Randy Gregory’s powerful strip sack kills promising Patriots drive
The tone of the game was set early on: the Cowboys weren’t going to get any benefit of the doubt from the officials, including two missed roughing penalties against Dak Prescott, while rookie Mac Jones was clearly feeling it early.
After Prescott had a pass batted into an interception in the endzone, the Patriots were driving with a 14-7 lead and looking to take a commanding lead early. It didn’t take long before Jones moved his offense to the Dallas 25-yard line. He then threw a touchdown strike that got negated by a holding penalty, which led to this splash play:
Randy Gregory absolutely blew by the right tackle and laid down the hammer on Jones, who had no idea 94 was even there. The ball came loose and Chauncey Golston scooped it up. The Cowboys only got a field goal off of the takeaway, but the more important part was preventing what seemed like a sure bet at points and not allowing New England to get a big lead.
The missed Dak Prescott touchdown run leads to a turnover
What sacrifice must be made to the football gods? For the second time this season, Prescott ran a quarterback sneak on the goal line that very obviously crossed the plane only for the refs to mark him short. This came on the Cowboys’ drive right after the blocked punt, a play that would be getting its own shoutout here had the missed touchdown call not happened.
Of course, the next play resulted in a touchdown that was immediately reviewed and overturned as a fumble.

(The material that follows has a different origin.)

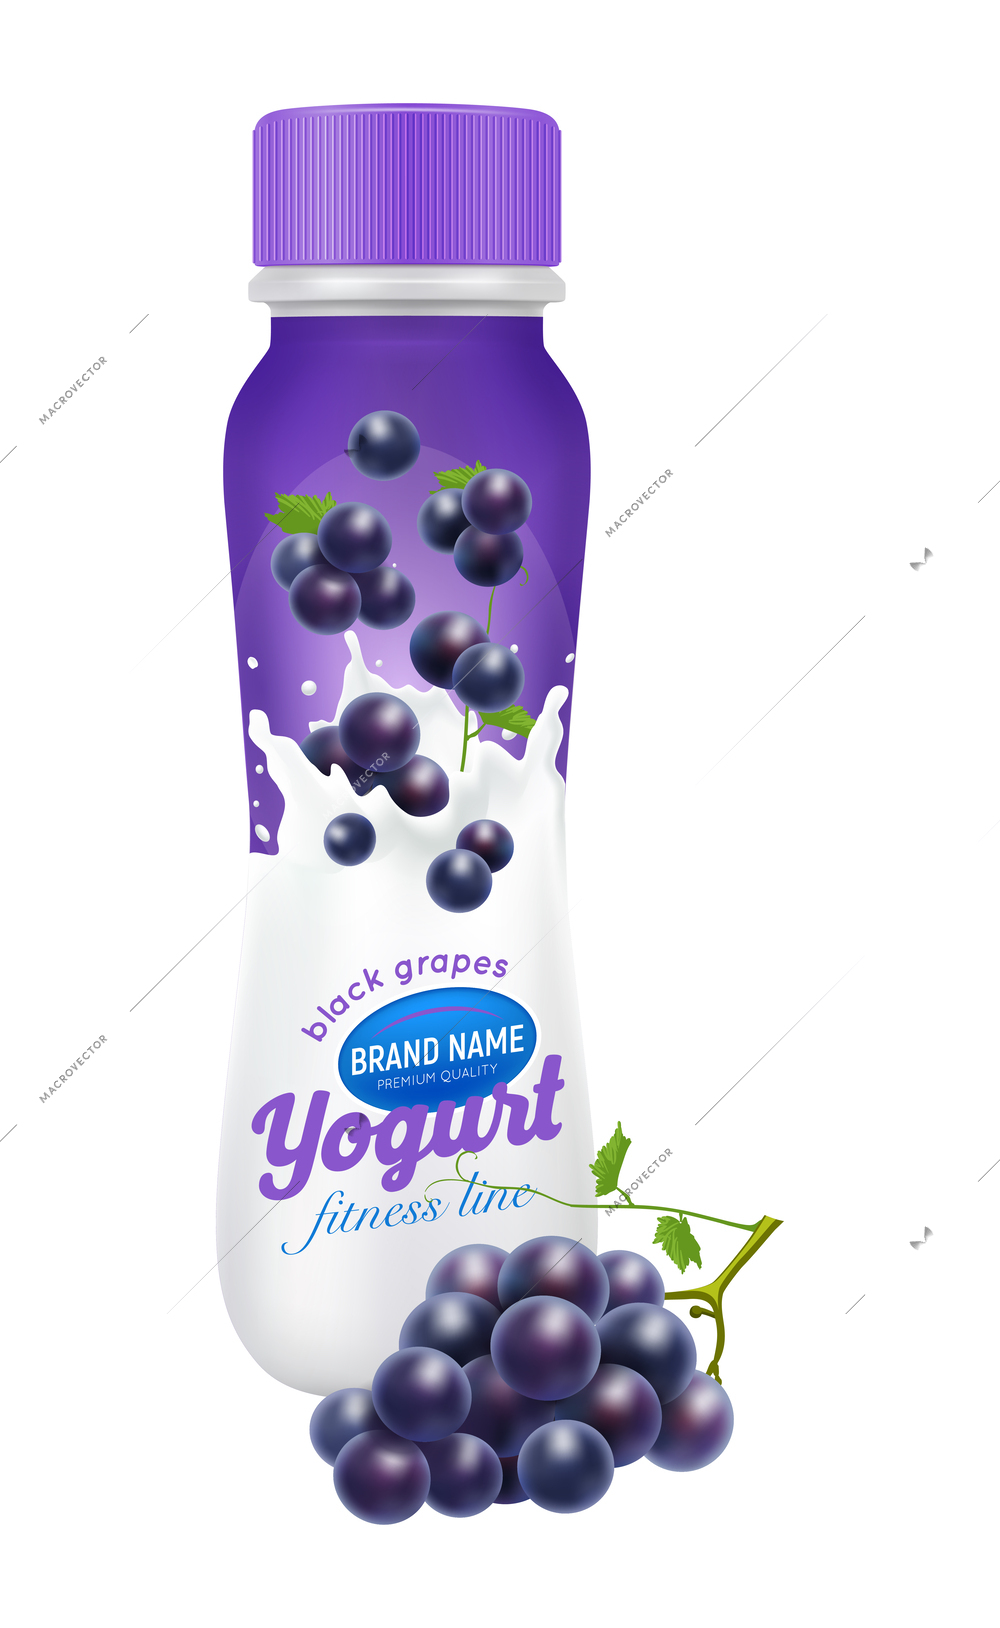 Drinkable yogurt with black grapes realistic bottle design template vector illustration

That was probably the right call, although it’s hard to describe the footage as conclusive evidence. Either way, that play shouldn’t have happened in the first place, and instead of Dallas holding a 17-14 lead at halftime they were down 14-10.
Connor Williams’ phantom holding penalty alters drive
The Patriots’ run game came alive late in the fourth quarter and steamrolled Dallas for a touchdown to go up 21-20, but Prescott quickly engineered a drive that moved the Cowboys down the field. It looked like it would only be a matter of time until they had the lead back.

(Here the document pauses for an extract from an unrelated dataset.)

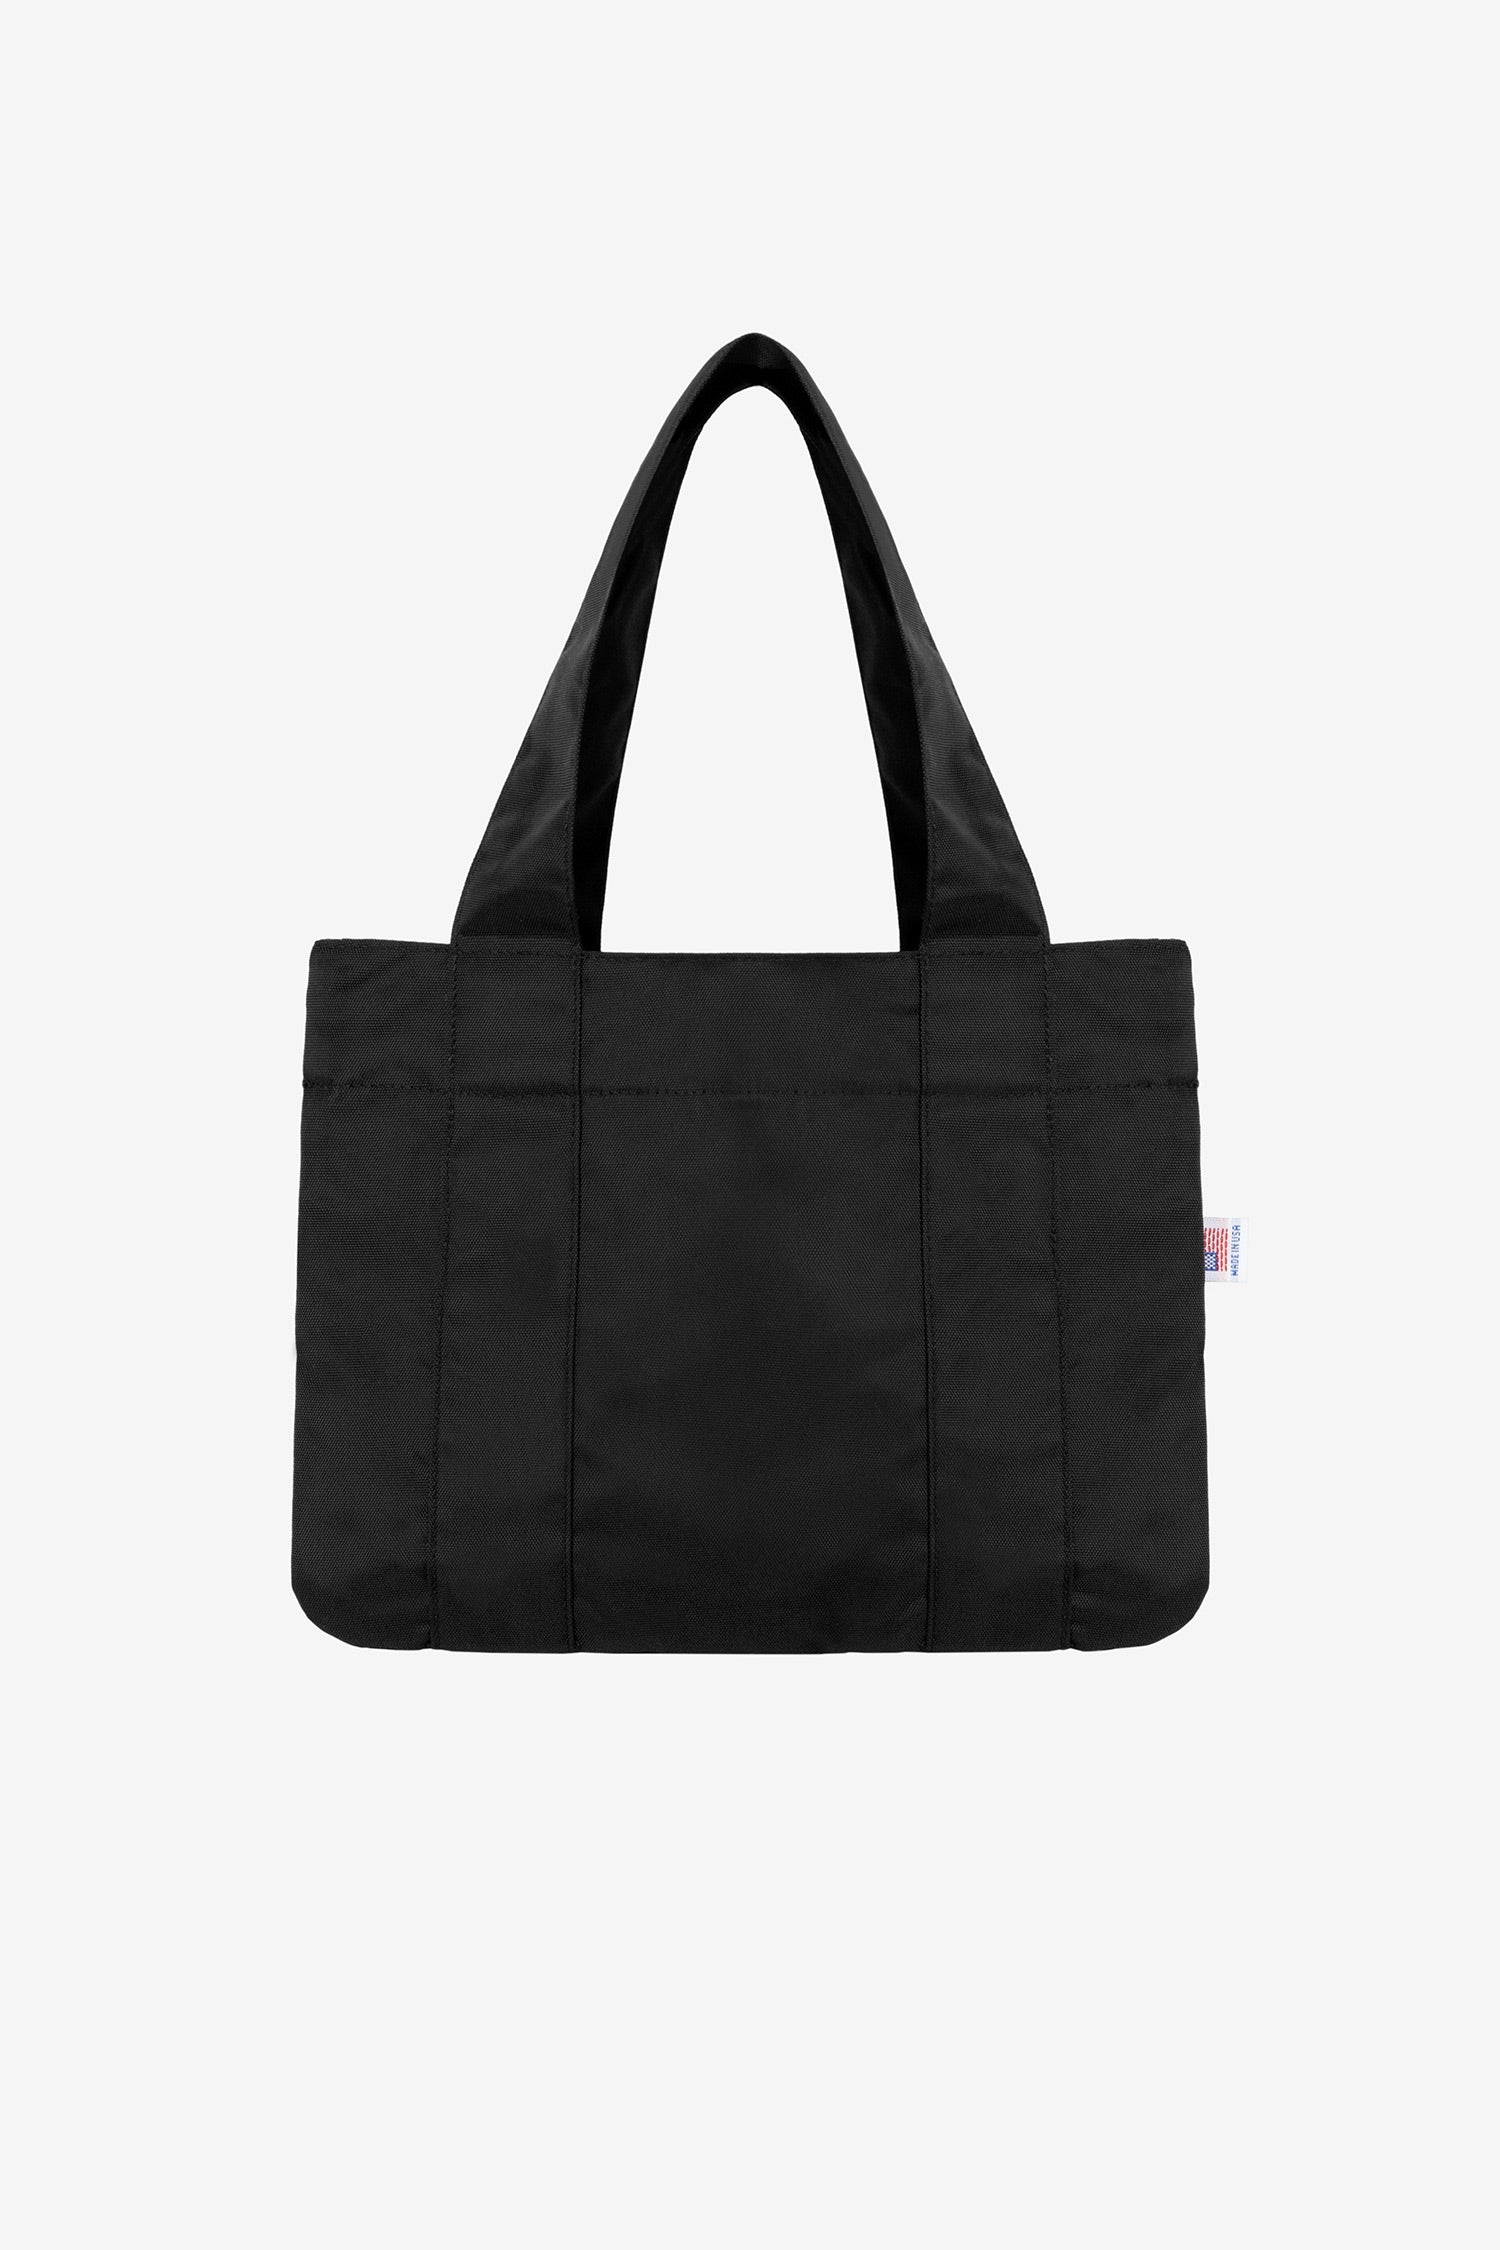 Rive Gauche Small canvas tote bag in black - Saint Laurent

On second down and two from the Patriots’ 33-yard line, Dak handed it off to Tony Pollard, who ran for a first down. But a hold was called on Connor Williams, backing them up 10 yards and erasing the first down run. Problem is that there didn’t appear to be any hold on the replay, and Tony Romo even suggested as much.
The Cowboys ended up getting in field goal position - and then missing said field goal - but it never would have been that way had this phantom penalty not been called. The offense was moving the ball efficiently, but this penalty threw them off their rhythm and resulted in attempting a field goal from the 33-yard line, which is where they were when the phantom hold was called initially.
Cedrick Wilson’s athletic fingertip grab keeps tying drive alive
After a bizarre series of plays in which Trevon Diggs got a surprise go-ahead pick six before Kendrick Bourne caught a 75-yard touchdown pass to out New England right back up again, the Cowboys sent Prescott and the offense out needing a field goal to tie things up and a touchdown to win.
Prescott threw on each down, but picked up just six yards before Dallas faced a fourth down at their own 35-yard line. The two-minute warning had just come, so a failure to convert here would have been the ball game. But Prescott threw a high pass to Cedrick Wilson on the outside, who made an athletic grab with his fingertips to pick up 13 yards and move the chains.
The catch itself was incredible, but it was even more impressive because of just how much it meant in the context of the game. Five plays later, Greg Zuerlein drilled a 49-yard field goal to send it into overtime, but none of that would have been possible without Wilson’s clutch catch on fourth down.
Anthony Brown’s missed facemask penalty
The Patriots got the ball first in overtime, meaning the Cowboys needed a stop. It was clear that their unit was gassed, while the Patriots had been looking good offensively in the fourth quarter aside from Diggs’ inevitable interception.
However, Jones was quickly looking at third and three on the New England 46-yard line. He tried to throw to Nelsojn Agholor on the sideline but missed him. The replay showed a clear and obvious facemask penalty from Anthony Brown, who was in coverage on Agholor, but no flags were thrown.
Had those flags been thrown, as they should have been, the Patriots would have moved into Cowboys’ territory with a fresh set of downs. Instead, they punted the ball away, and Dak Prescott did Dak Prescott things.